Wednesday, July 17, 2013

The Secular Society

At The New York Times David Brooks takes on the formidable task of summarizing Charles Taylor's dense 800 page tome titled A Secular Age. He begins his essay where Taylor begins his book, with this question:
“Why was it virtually impossible not to believe in God in, say 1500, in our Western society, while in 2000 many of us find this not only easy but even inescapable?” That is, how did we move from the all encompassing sacred cosmos, to our current world in which faith is a choice, in which some people believe, others don’t and a lot are in the middle?

This story is usually told as a subtraction story. Science came into the picture, exposed the world for the way it really is and people started shedding the illusions of faith. Religious spirit gave way to scientific fact.

Taylor rejects this story. He sees secularization as, by and large, a mottled accomplishment, for both science and faith.
It's conventional to think that science shed the "illusions of faith," but I'm not so sure. None of the alleged illusions that are usually imputed to believers are critical dogmas of religious faith, at least not Christian faith. Science disabused us of a belief in a geocentric universe and has given us reason to doubt that the universe is relatively young, but neither of these beliefs is central to any of the world's major religions. There are adherents to the young earth view among Christians, to be sure, but there are many devout, scientifically-literate Christians who accept that the universe is on the order of billions of years old, so I don't know what illusions Brooks is referring to that have been undermined by science.

Science has, if anything, made belief in God more difficult to avoid, not less. Nor has it done nothing to undermine the traditional accounts of the Deity, Incarnation, Crucifixion, and Resurrection of Jesus Christ. It's true that to the extent one embraces materialism or naturalism one will certainly reject all of these doctrines of Christian faith, but materialism and naturalism are alternative metaphysical postures, they're not science.

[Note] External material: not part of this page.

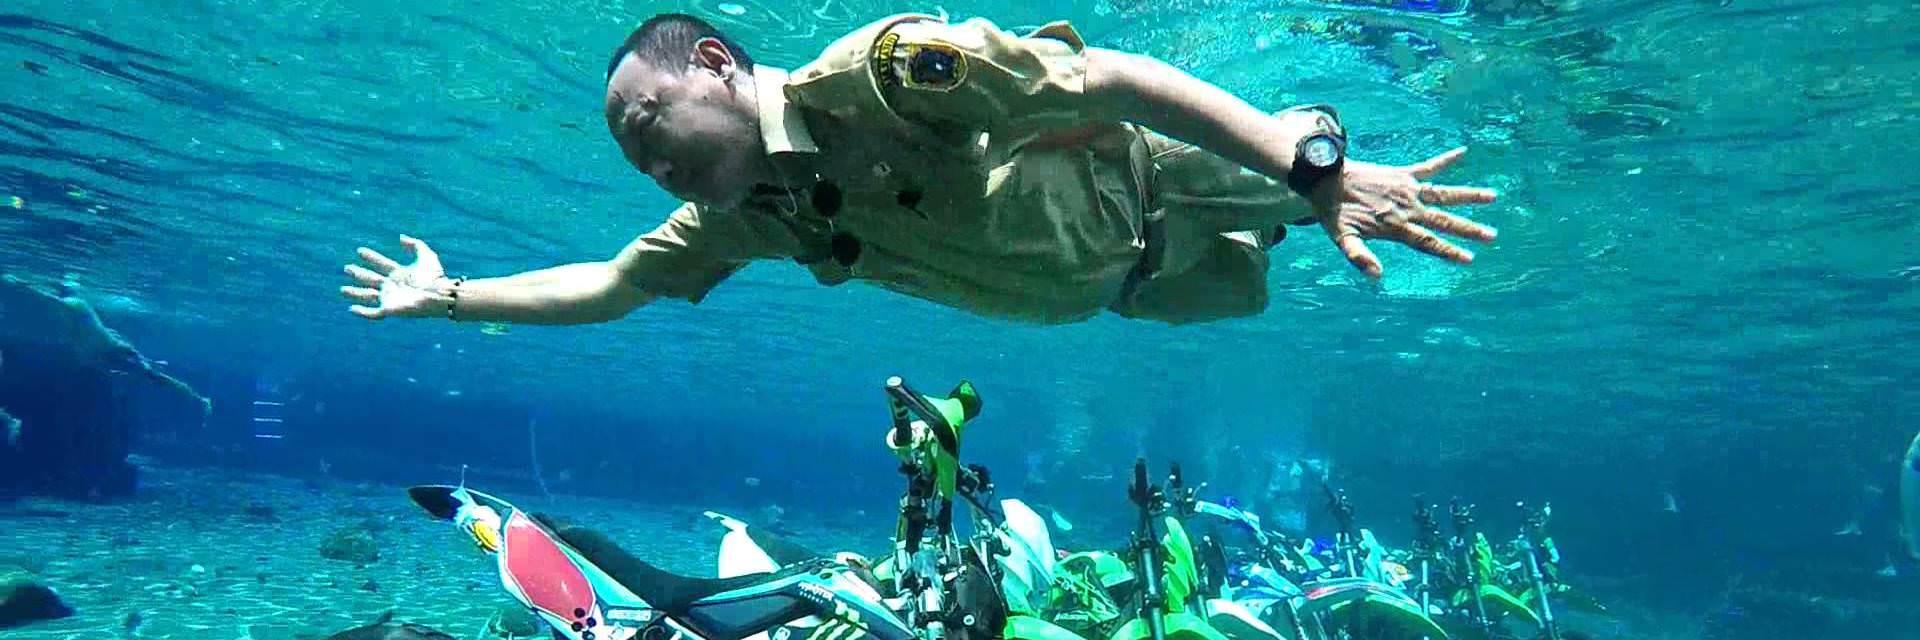 4 Umbul Bersaudara dari Klaten dengan Keindahan yang Mempesona Untuk Spot Foto Underwater

One can, and many do, labor in the field of science while embracing all the major elements of the Christian religion. Some of the greatest names in the history of science - Kepler, Galileo, Newton, Faraday, Boyle, Agassiz, just to mention a few - were devout Christians. Their science did nothing to diminish their faith. If anything it enhanced it.

Brooks adds this:
These achievements [of a secular age] did make it possible to construct a purely humanistic account of the meaningful life. It became possible for people to conceive of meaningful lives in God-free ways — as painters in the service of art, as scientists in the service of knowledge.
Brooks fails to explain what he means by the term "meaningful lives." The quotidian activities of life can of course have temporary, proximal meaning. One has a job to go to in the morning which gives him a reason to get out of bed, for instance, but it's hard to see how anything we do can have ultimate meaning unless it's somehow lasting. If all is ephemeral and if death is the end, then we're in somewhat the same position as a condemned man who insists on weeding his garden before being taken off to the gallows. The activity may occupy the mind and seem purposeful, but it's really rather pointless.

Brooks goes on:
But, Taylor continues, these achievements also led to more morally demanding lives for everybody, believer and nonbeliever. Instead of just fitting docilely into a place in the cosmos, the good person in secular society is called upon to construct a life in the universe. She’s called on to exercise all her strength. People are called to greater activism, to engage in more reform.
This is a very peculiar statement, I think. "Called upon" by whom? In a Godless world who, exactly, calls upon us to "construct a life in the universe" and to "exercise all our strength" in doing so, and by what authority do they call upon us to do this?

Moreover, the idea that in a secular world we're called upon to greater activism is a non-sequitur. What reason is there for reforming anything? The word "reform" implies that there's something wrong with the way things are, but if there is no objective moral arbiter of right and wrong, what's wrong with, say, the institution of slavery? Why should not the strong exploit the weak? Why is it wrong for those with the power using it for their own benefit? What's wrong with being selfish or cruel? What light can science shed on the matter for us? The answer is "none."
Taylor can be extremely critical of our society, but he is grateful and upbeat. We are not moving to a spiritually dead wasteland as, say, the fundamentalists imagine. Most people, he observes, are incapable of being indifferent to the transcendent realm. “The yearning for eternity is not the trivial and childish thing it is painted as,” Taylor writes.
It's doubtless true that most people yearn for something more than the nihilism and emptiness to which materialism leads. Most people want more than to be told that their lives are pointless and absurd, but, on materialism, why should they want this? If we're just a swirl of atoms, the product of eons of accidental mutations and selection pressure that fit us to the environment we're in, why should we yearn for a fulfillment or satisfaction that doesn't exist? Why would we not have evolved to be content with the world as it is?

Secularism does offer one undoubted potential benefit. In some of it's political manifestations it keeps adherents of competing metaphysical views from killing each other, but to the extent that it attempts to answer ultimate questions, neither it nor the naturalism that often underwrites it have anything to offer that anyone would want, except, perhaps, a license for hedonism.